While several computational methods have been developed for enhancing the depth of Hi-C data, tools tailored for HP data depth enhancement are still lacking. In this study, we evaluated three methods (HiCPlus, HiCNN2 and DeepHiC) developed for Hi-C data, when applying them to enhance HP data. Our results showed that all three methods performed similarly on enhancing HP datasets when training on the HP data from the same cell type, with HiCNN2 and HiCPlus outperforming DeepHiC in most scenarios. We further assessed the robustness of enhancement when models were trained with Hi-C or HP data from the same cell type. We found that enhancement using models trained on ultra-high-depth Hi-C data achieved similar or even better performance than using models trained on HP data. However, when the sequencing depth of Hi-C data and HP data used for training were comparable, models trained on HP data exhibited better performance than those trained on Hi-C data. These results suggest that users can train models with high-depth Hi-C data for HP data enhancement if similar high-depth HP data are not available for training. We note that the terminology ‘Hi-C data resolution enhancement’ prevails in the literature. We have, however, decided to use ‘data depth enhancement’ to avoid ambiguity since resolution is also commonly used to indicate the bin size of the analysis unit.

Transferability across datasets (e.g. cell types, proteins of interest) is important because in practice there are limited cell types sequenced with HiChIP or PLAC-seq techniques. Our analysis across six cell types, three proteins of interest and two organisms, showed promising transferability results for enhancing HP data, consistent with the existing literatures [5–7] for enhancing Hi-C data. For example, models trained using high-depth GM12878 data can lead to better enhancement results in mESC than models trained with mESC data. More evaluations are needed in the future to draw stronger conclusions. Such evaluations will become possible when more high-depth HP data are generated both for training better models and for evaluations. Note that the actual meaningful information, specifically where the nonzero or zero contacts reside or where the chromatin interactions locate, differs across cell types, organisms and proteins of interest in HP dataset. The observed promising transferability results suggest that the rules learned to enhance lower depth data to higher depth are shared across cell types (even across organisms). Together, results presented under sections Hi-C or HP data for training? and Model transferability suggest that HiCNN2 or HiCPlus models pretrained from high-depth Hi-C or HP data can be directly applied to enhance HP from various cell types.

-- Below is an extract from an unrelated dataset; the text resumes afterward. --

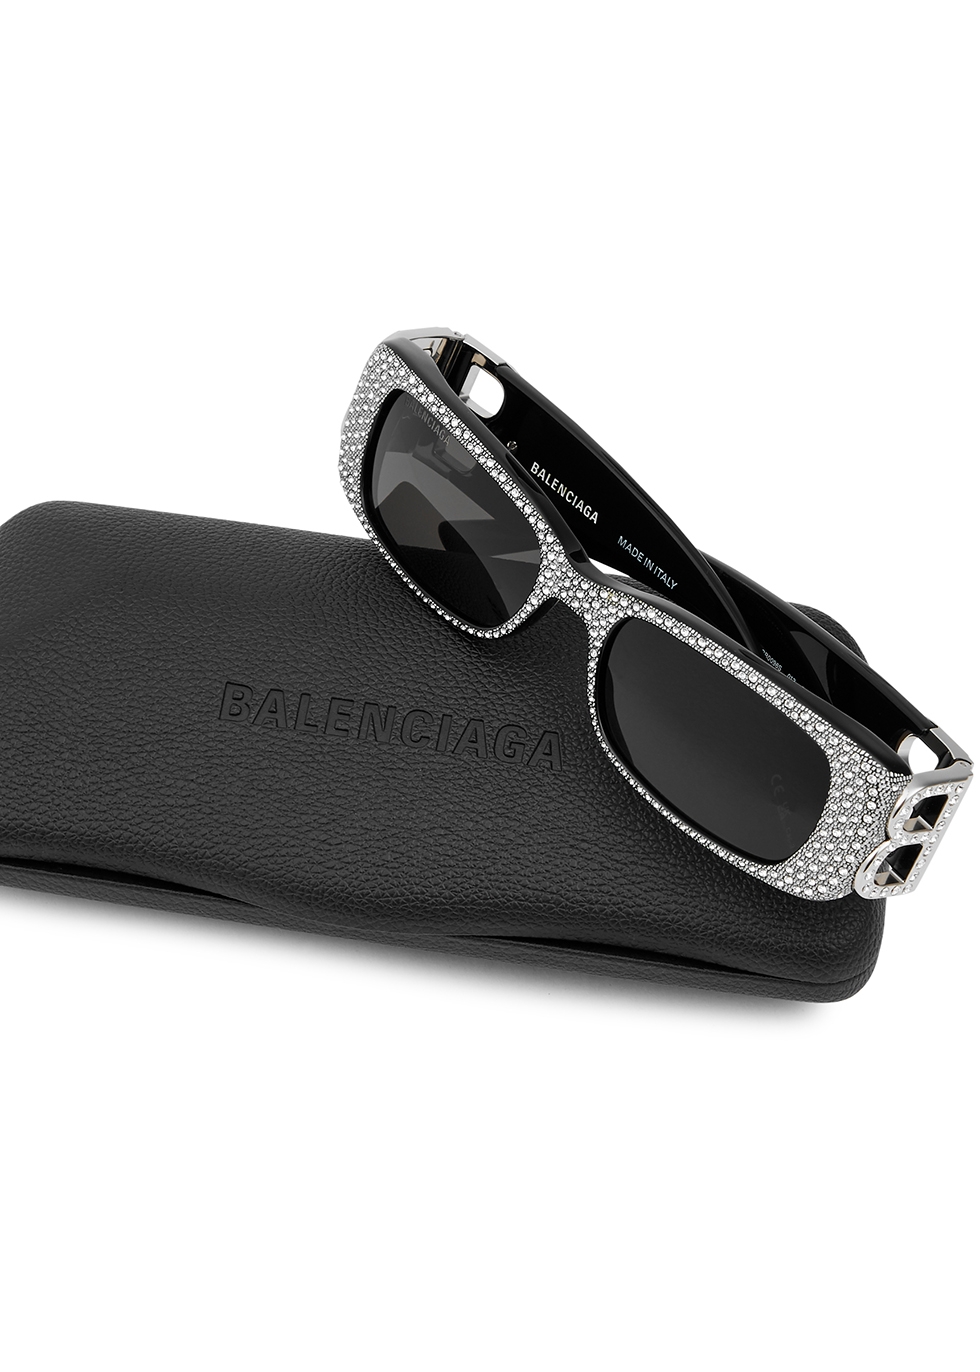 BALENCIAGA sunglasses in acetate with iridescent logo  Black  Balenciaga  sunglasses BB0100S online on GIGLIOCOM

For performance evaluation, we used three standard metrics, Pearson correlation coefficients, Spearman correlation coefficients and Brownian distance covariance [20]. Brownian distance covariance is a multivariate dependence coefficient which measures dependency of two random vectors of arbitrary and not necessarily equal dimensions, providing more general quantification of independence than linear correlation by Pearson correlation [20]. In addition, similarity metrics tailored for Hi-C data, such as HiCRep [26] and HiC-spector [27] have been widely used. We have recently extended HiCRep to HPrep, tailored for HP data after adjusting for ChIP enrichment biases [21]. Applying HPrep to evaluate the similarity between enhanced data and full data led to findings consistent with what was revealed by Pearson correlation: for example, the three deep learning methods behave better than baseline and they all have similar performance.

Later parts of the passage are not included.